Insight Data Engineering Coding Challenge
##Dependencies
Name | Version |
---|---|
Apache Spark | 1.4.0 |
Apache Maven | 3.3.3 |
Java | 1.8 |
Tested on: OS X Yosemite 10.10.4 Java 1.8.0_31
##Instructions:
Download Maven 3.3.3: see https://maven.apache.org/download.cgi
Install Maven 3.3.3: see https://maven.apache.org/install.html
Download Spark 1.4.0: see https://spark.apache.org/downloads.html select pre-built for hadoop 2.6 and later
Install Spark 1.4.0: see https://spark.apache.org/docs/latest/
Extract spark, clone this repository into the spark-1.4.0-bin-hadoop2.6 directory
cd to the InsightCodingChallenge2015 directory (within the spark-1.4.0-bin-hadoop2.6 directory) and execute run.sh with ./run.sh
##WordsTweeted Description
I chose to use Apache Spark for this problem. Spark is awesome. Spark permits the counting of unique words for this problem to be done in parallel on a cluster. Then, the word sorting can also be done in parallel, so it scales well. Thanks to Resilient Distributed Datasets, the system is resistant to failures on a node. I hope to learn more about Spark and map/reduce. I implemented a very similar version to the WordCount example at http://spark.apache.org/examples.html using Java 8 lambda expressions.
##MedianUnique Algorithm Description
The MedianUnique implementation is based on counting sort. We will keep track of the number of times that we have seen tweets with 1 unique word, tweets with 2 unique words, and so on.
The number of unique words for a given tweet are produced by splitting the tweet on white spaces and then constructing a HashSet from the resulting array of Strings.
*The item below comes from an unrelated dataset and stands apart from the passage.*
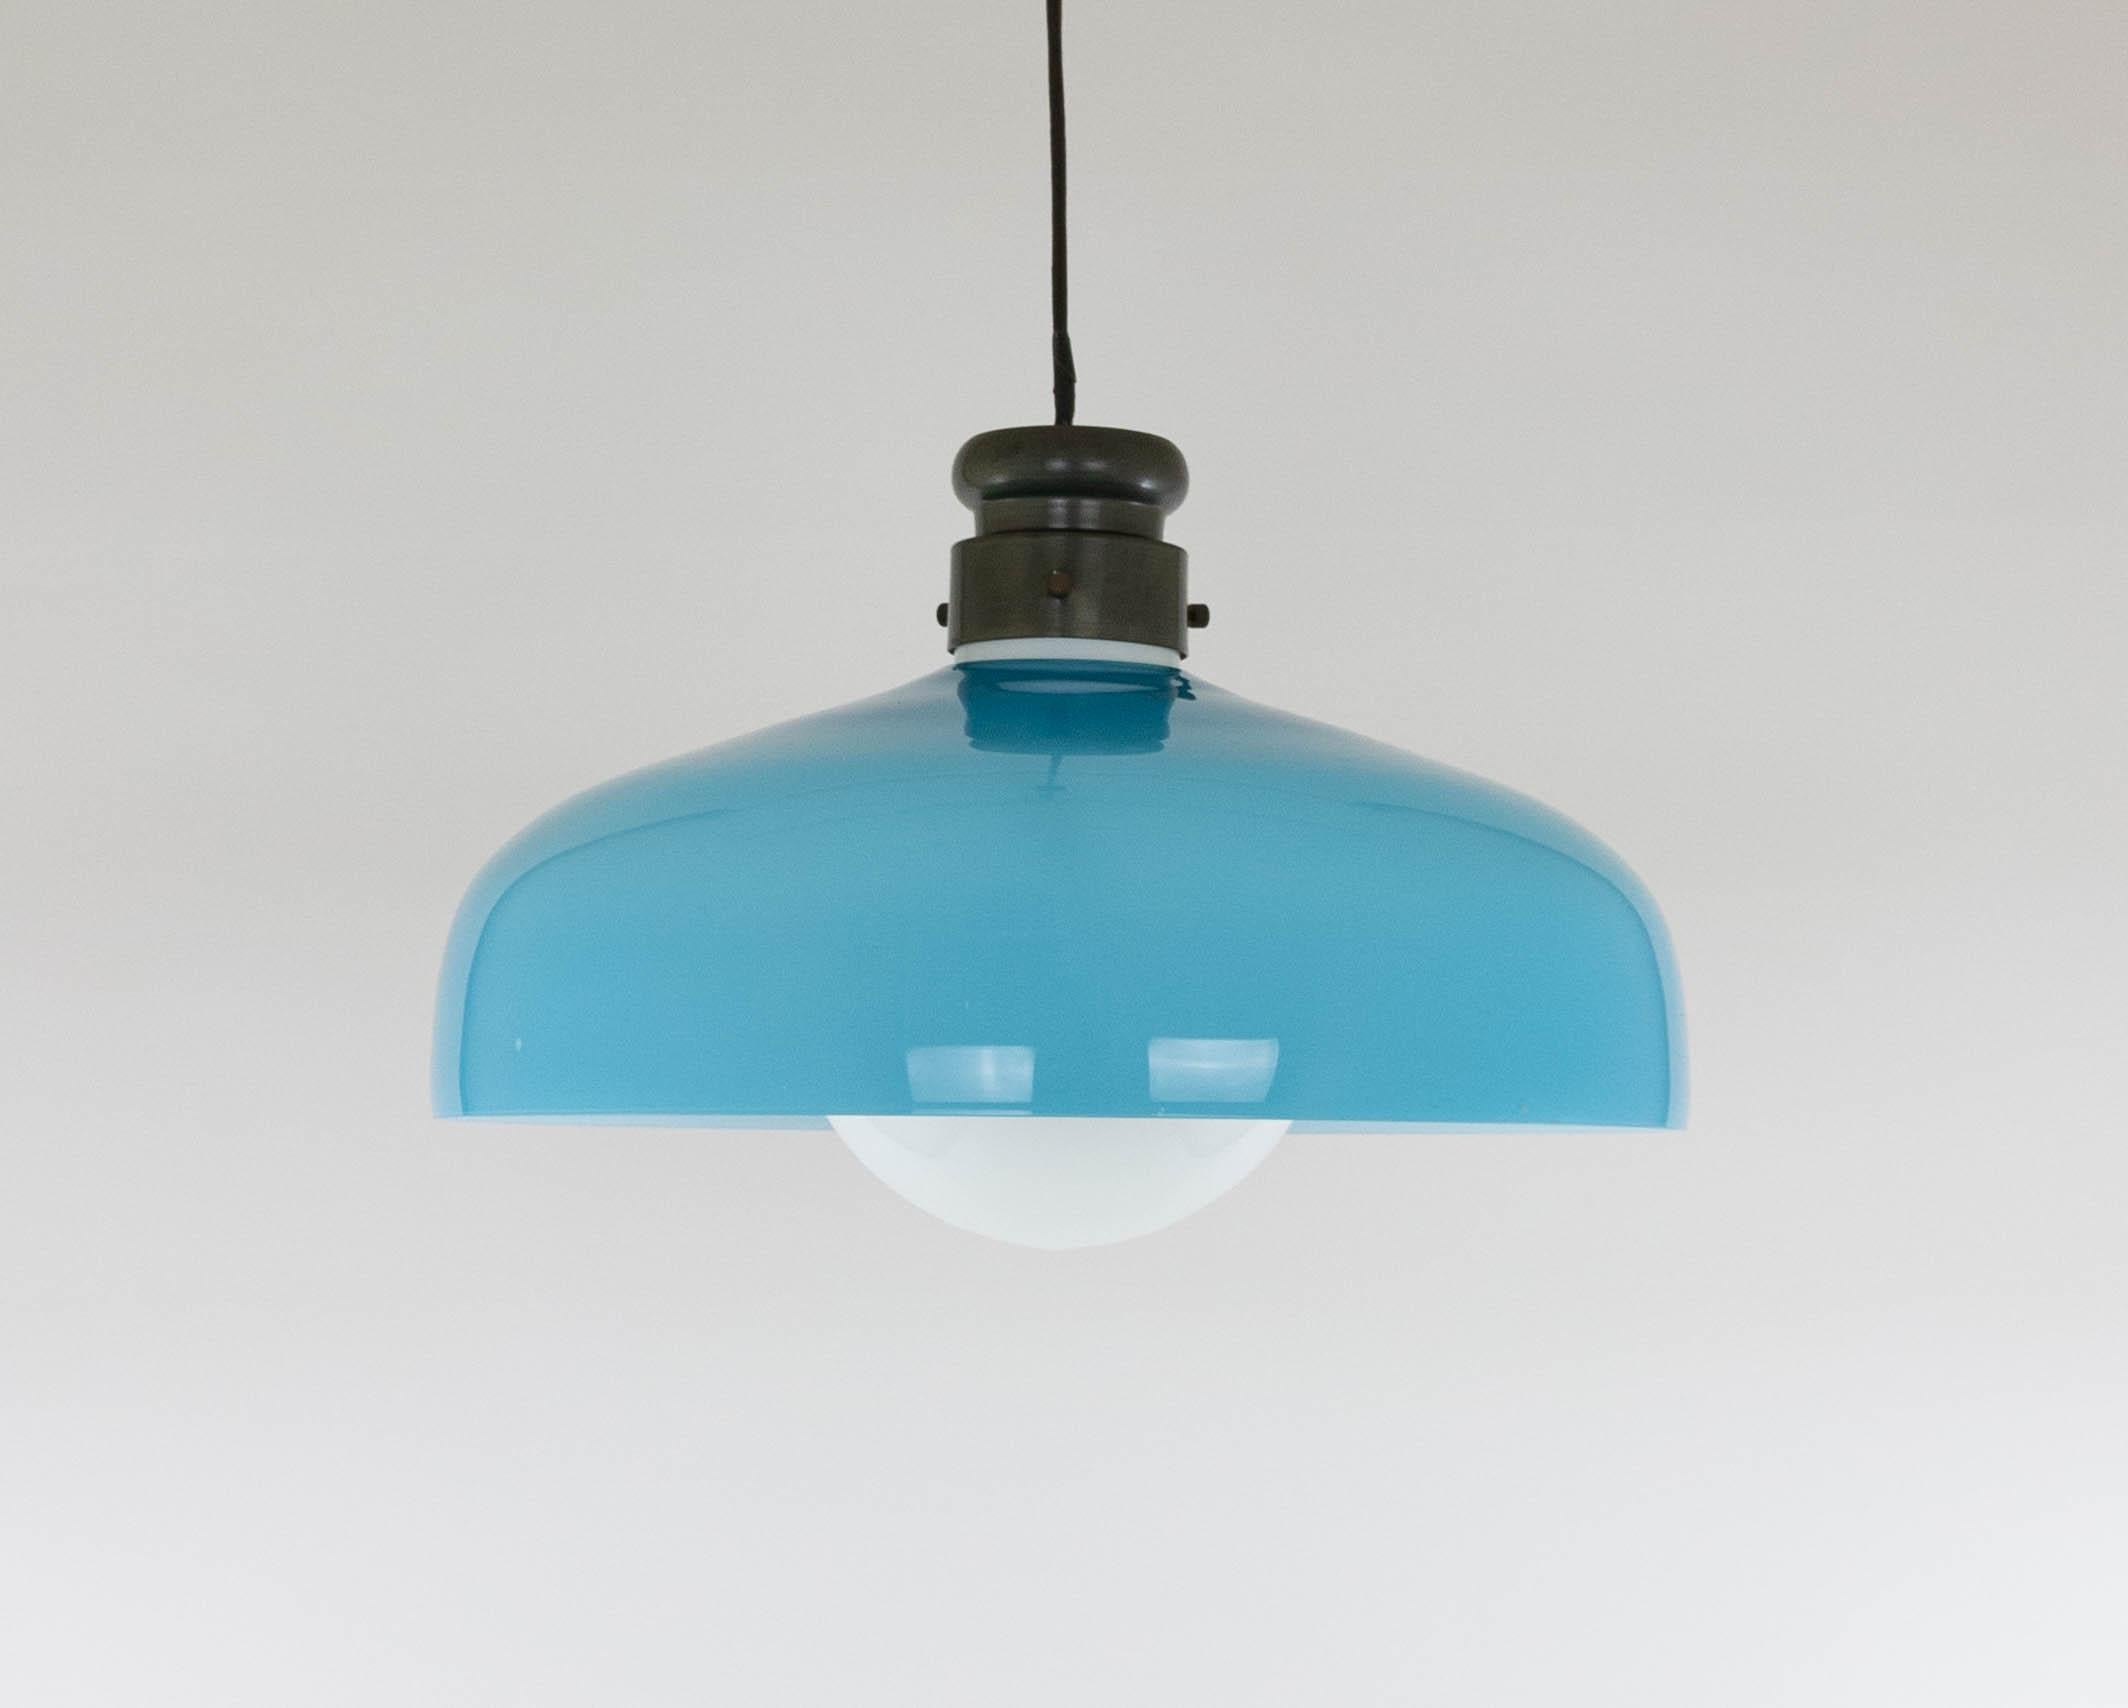 Large Model L 72 glass pendant designed in the 1960s by Alessandro Pianon for Vetreria Vistosi in Murano.

The lamp is in very good vintage condition and comes with the original metal ceiling cap.

The HashSet will prevent duplicate words, and the number of elements remaining is the unique word count for that tweet.
Next, since we know that a tweet can not be more than 140 characters, the maximum number of unique words that may exist in a tweet is 70 (single character words followed by single white spaces) so we only need 70 'buckets'. We also know that the result of a count will be from the set of natural numbers. Taking advantage of this knowledge we can keep a count of the number of times we have seen each of the unique word counts from 1 to 70. We also separately keep track of the total number of tweets we have seen. When we need to compute the median (after every tweet is parsed), we can go through the elements of each bucket until the sum of elements is greater than or equal to half of the tweets we have seen so far. This will indicate which bucket the middle value resides in. The index of the bucket that the middle value resides in is the median. There are special cases for when the average of two buckets must be computed, and when there is only one element.
Inserting a new unique word count in this way is an O(1) operation. Computing the median will in the worst case involve summing over 70 buckets, no matter how many tweets we see. Since we do not need to keep track of one number for every tweet we increase our memory efficiency.
##Acknowledgements:
Thank you to Apache Spark for providing the distributed computing software and the starting example for this word counting solution.
Thanks to the Insight Data Engineering group for providing this opportunity.